17. The computer-readable storage medium of claim 12, wherein images having the second resolution are generated at periodic intervals based on a user-configurable setting.

18. The computer-readable storage medium of claim 12, wherein the image is generated based on at least one of (a) a sharpness associated with the second portion of the image data, (b) a brightness, a contrast, and/or a color associated with the second portion of the image data, (c) a determination of whether a face of a person is present in the second portion of image data, (d) a determination of whether eyes of a person are closed in the second portion of the image data, and (e) audio associated with the series of video frames.

19. The computer-readable storage medium of claim 12, wherein the digital image sensor has a maximum pixel resolution that is greater than the first resolution.

20. The computer-readable storage medium of claim 19, wherein the second resolution is substantially equal to the maximum pixel resolution.

21. The computer-readable storage medium of claim 12, wherein processing the first portion of the image data to generate the first video frame comprises encoding the first portion of the image data based on an H.264 codec.

22. The computer-readable storage medium of claim 12, wherein processing the second portion of the image data to generate the image comprises compressing the second portion of the image data based on a JPEG (Joint Photographic Experts Group) compression technique.

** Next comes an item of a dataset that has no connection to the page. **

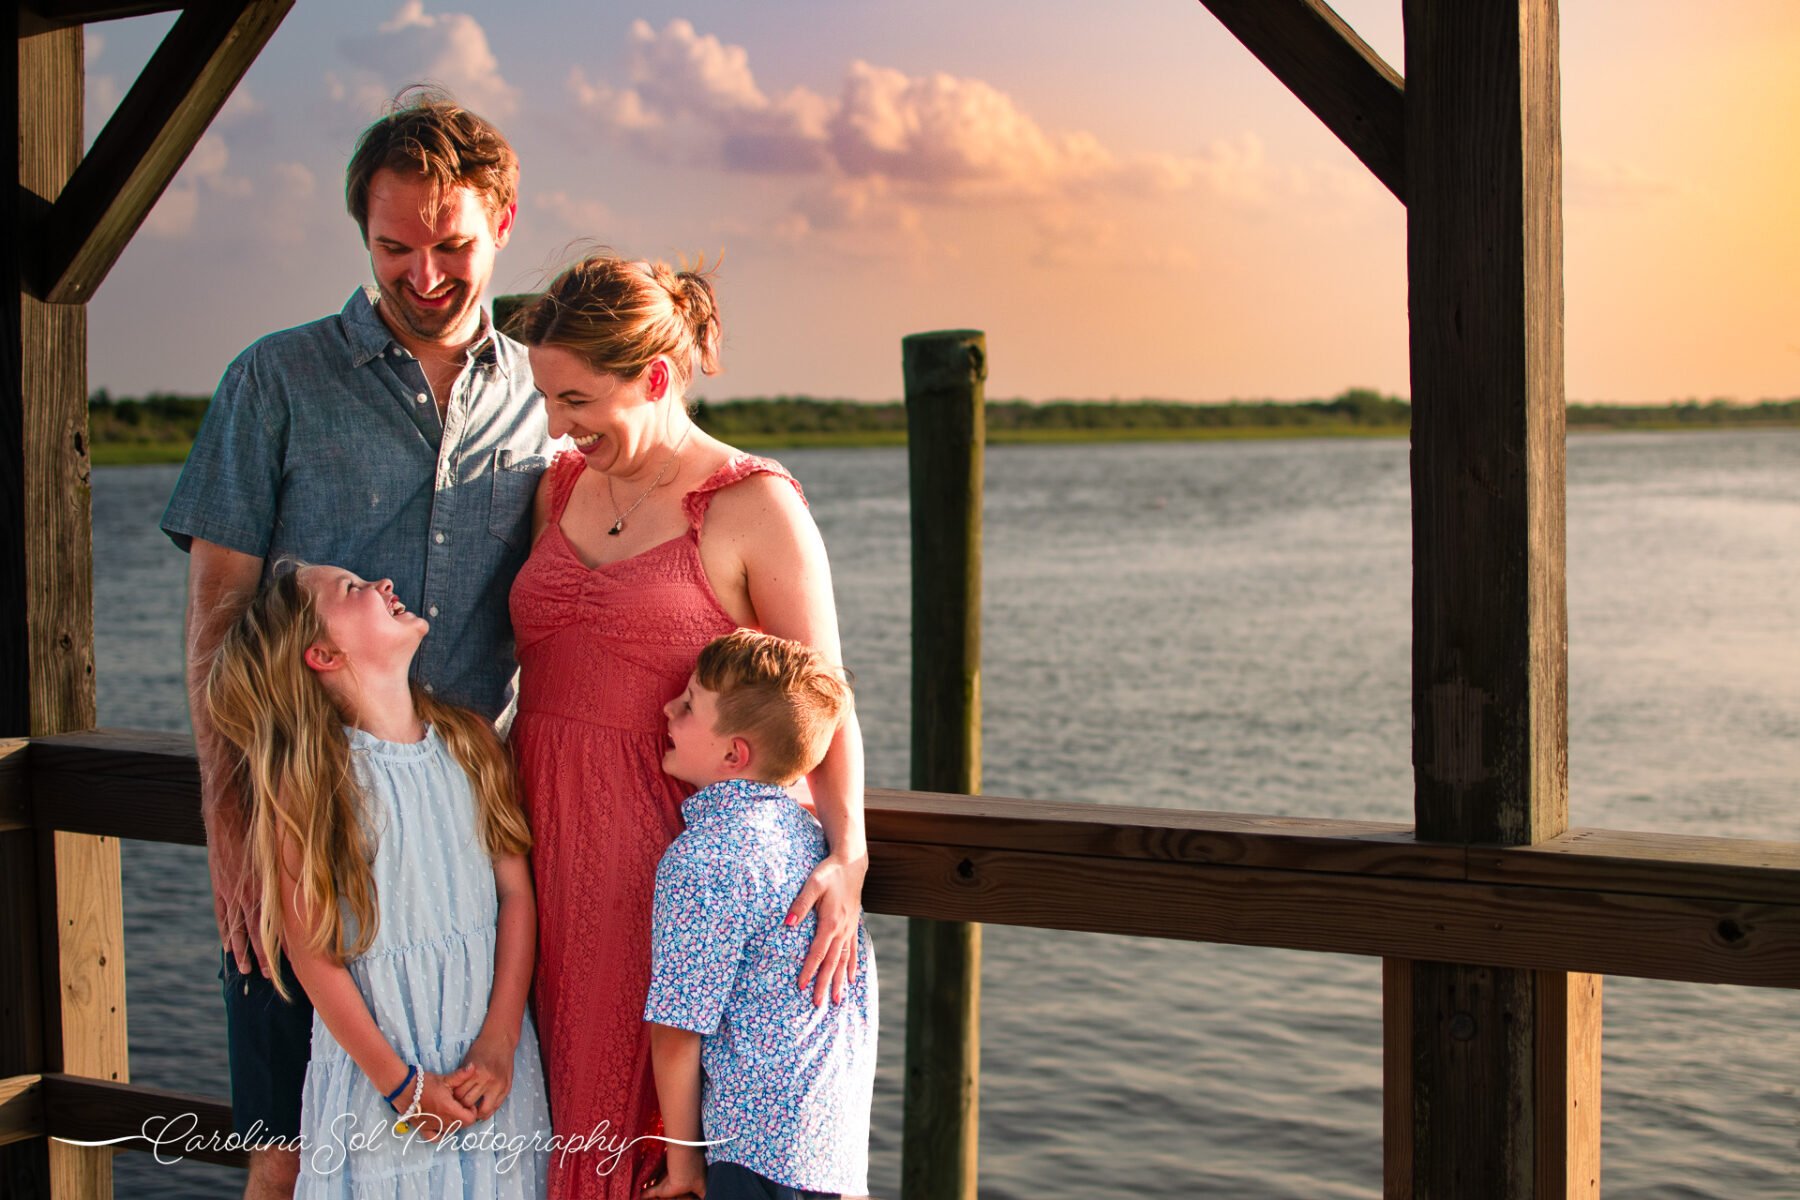 Lifestyle family photography along intracoastal waterway in Sunset Beach, NC.
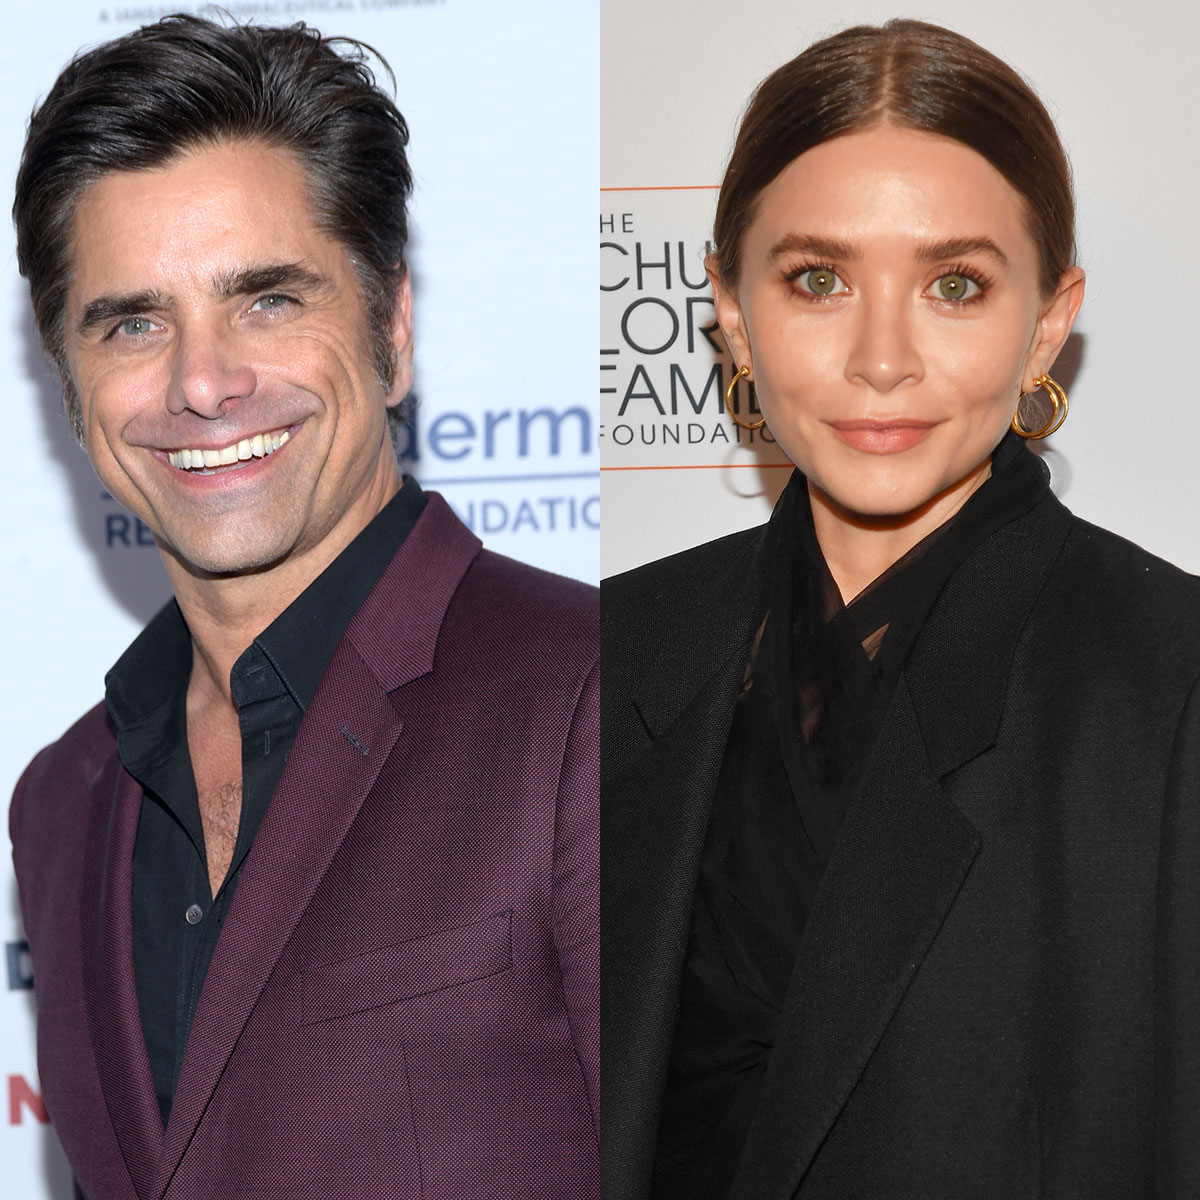 John Stamos’ Note to New Mom Ashley Olsen Will Give You a Full Heart

23. A computing device, comprising:

a digital image sensor characterized by a maximum pixel resolution;

a processor coupled to the digital image sensor and configured to: receive image data from the digital image sensor that is associated with a series of video frames, process a first portion of the image data to generate a first video frame included in a video sequence, wherein the first video frame has a first resolution that is less than the maximum pixel resolution, process a second portion of the image data to generate an image having a second resolution that is greater than the first resolution; and

a memory coupled to the processor configured to store the first video frame and the image.